The other major theme of this section is what constitutes a hate crime and who should be charged with one. Slater makes clear that “high-profile hate crimes offer a powerful narrative, one that has been important in fighting prejudice” (169), and this is backed up by the “No H8” movement that springs up at Oakland High, as well as the “Skirts for Sasha” day at Maybeck, which culminates in a march of students from both schools along the route of the 57 bus. Clearly, these are both positive and powerful outcomes of the fire, with students and communities urging each other to their best behavior.
However, as Slater points out, the question of whether Richard intended to commit a hate crime is unclear—while the police record him as admitting he’s homophobic, further investigation into this topic suggests that Richard was less motivated by a deep and intrinsic hatred of gay people than a momentary impulse to a prank, spurred on by his peers and designed to relieve the stress and burdens of his everyday life.

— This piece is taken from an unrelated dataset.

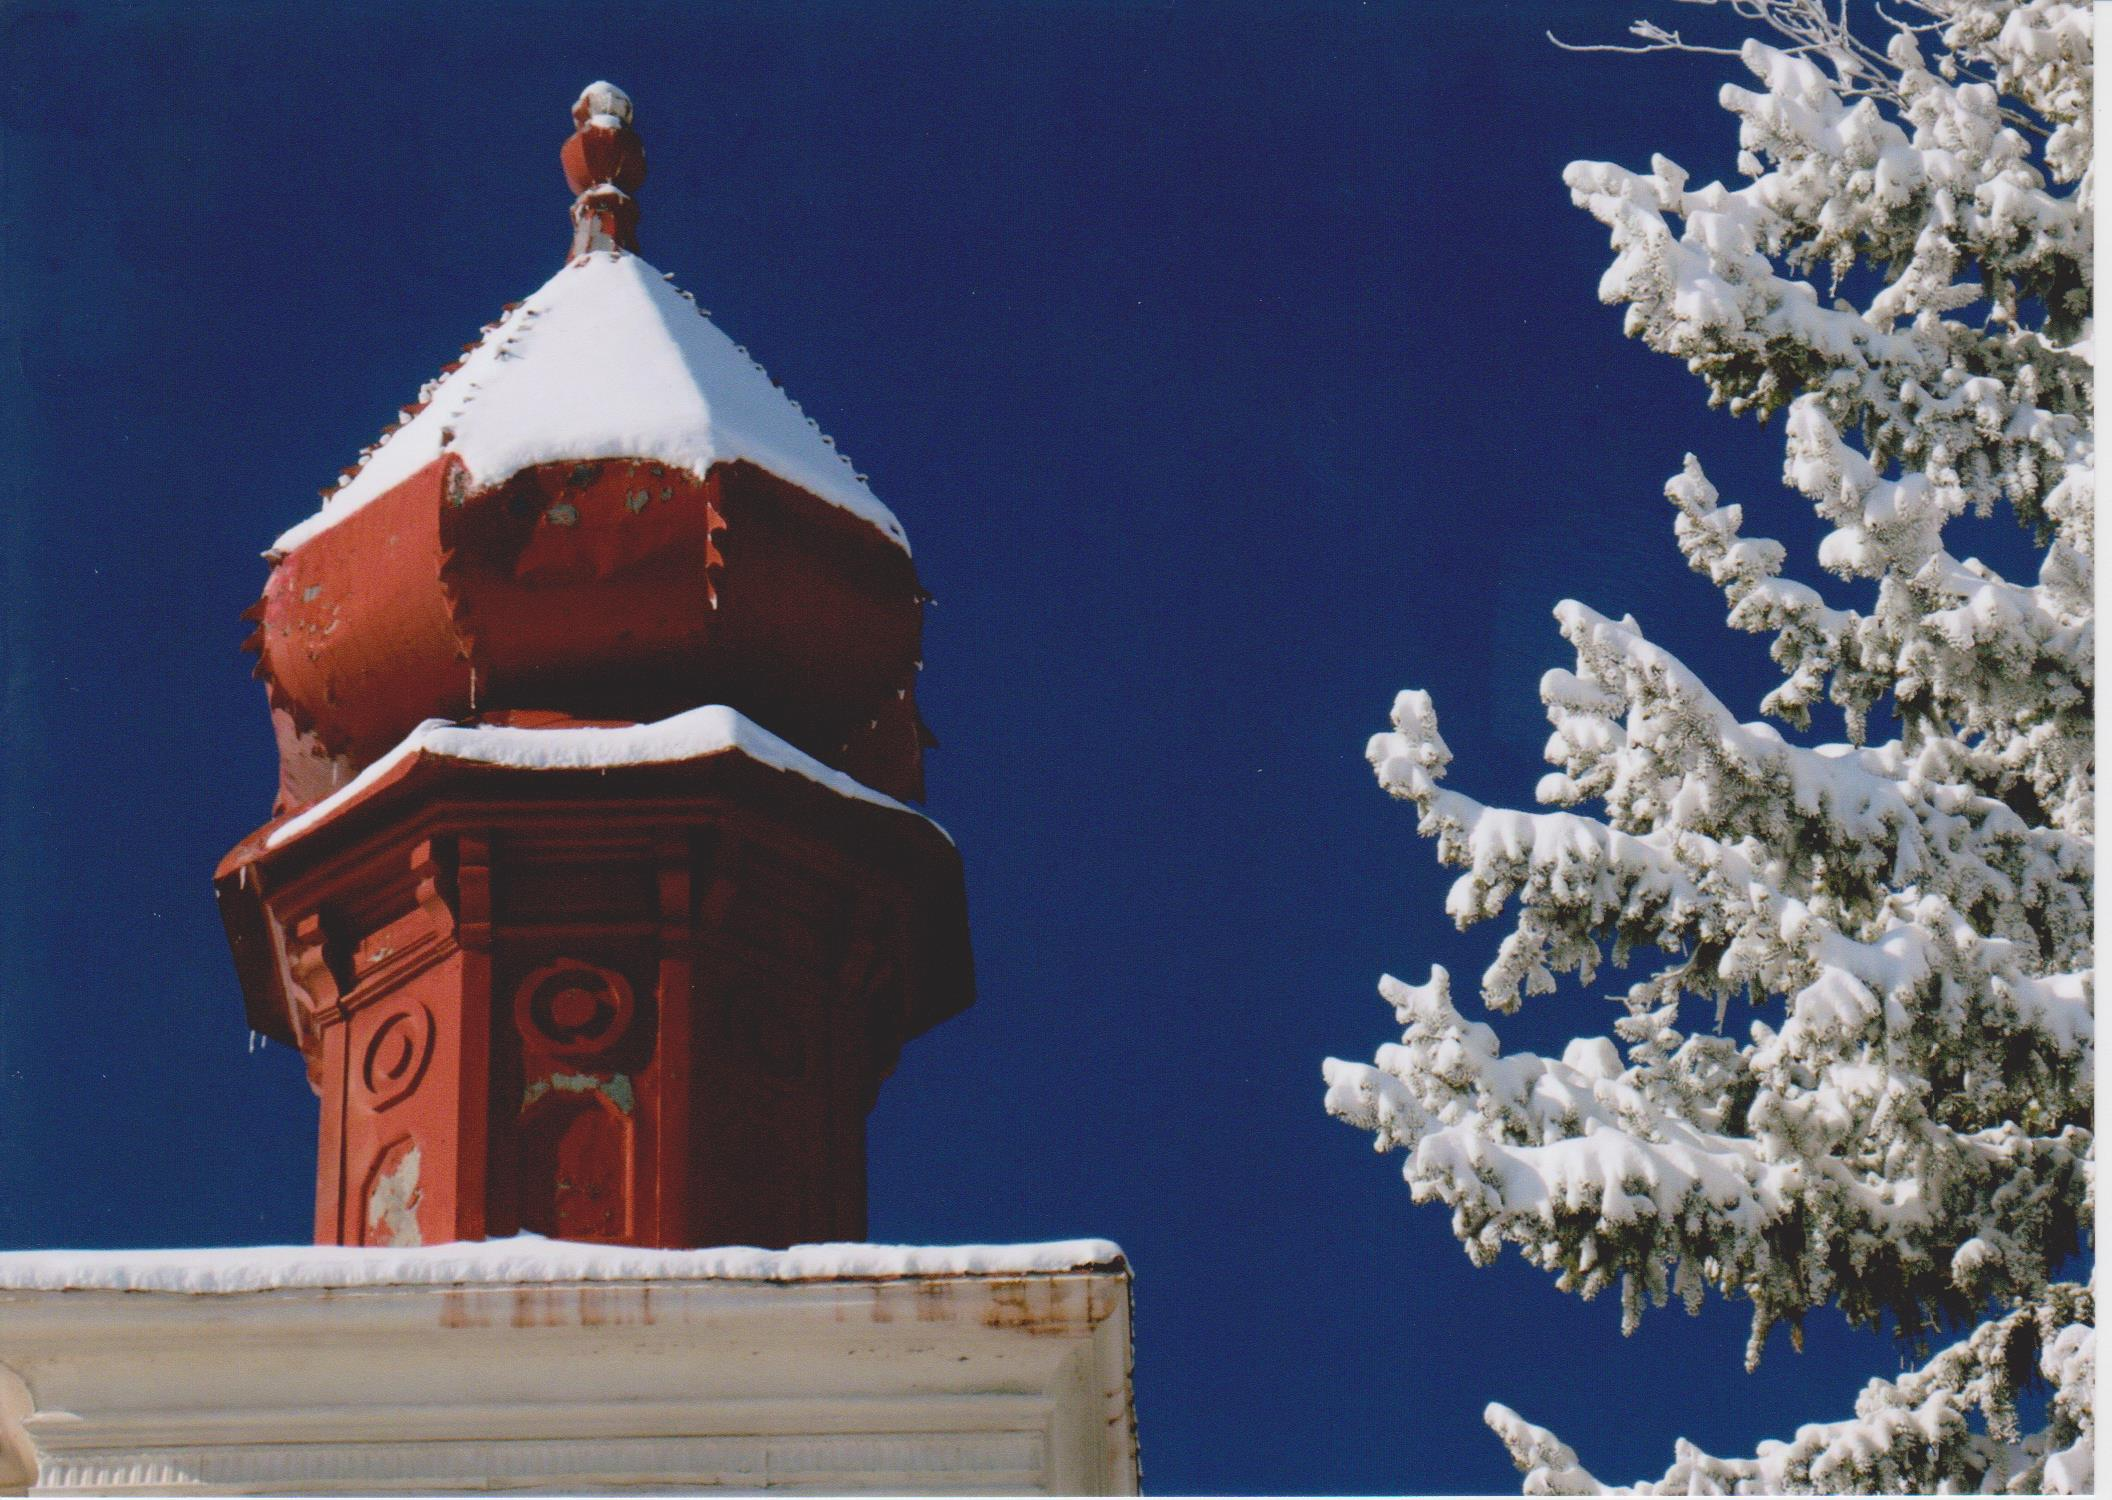 Photo of temple in winter in Trinidad, Colorado

Slater also notes the amount of news coverage the story generated, which could be seen as a boon for civil rights, but also as the reinforcement of a narrative in which a young black man is a held up as an example of everything wrong with society. Richard’s non-media-savvy family doesn’t help this narrative, when his mother and grandmother are both quoted as saying Richard “was joking around” (166), a line taken out of context and used to implicate his family in his crime by suggesting they didn’t take his actions seriously.
Two other important points come up in this section. First, that “Lloyd and Jamal were never interviewed, arrested, or charged” (160), which is Slater’s way of suggesting that Richard may have been unfairly made a scapegoat, when it was Jamal that gave him the lighter and both boys encouraged him to set the fire. Second, the two letters that Richard writes to Sasha are not sent until more than a year after the incident. Sasha and their family will later say that receiving these letters at the time they were written could have made a material difference in their understanding of Richard and his crime. In the next section, Slater will explore the ways in which the American criminal justice system intentionally interferes with actual justice.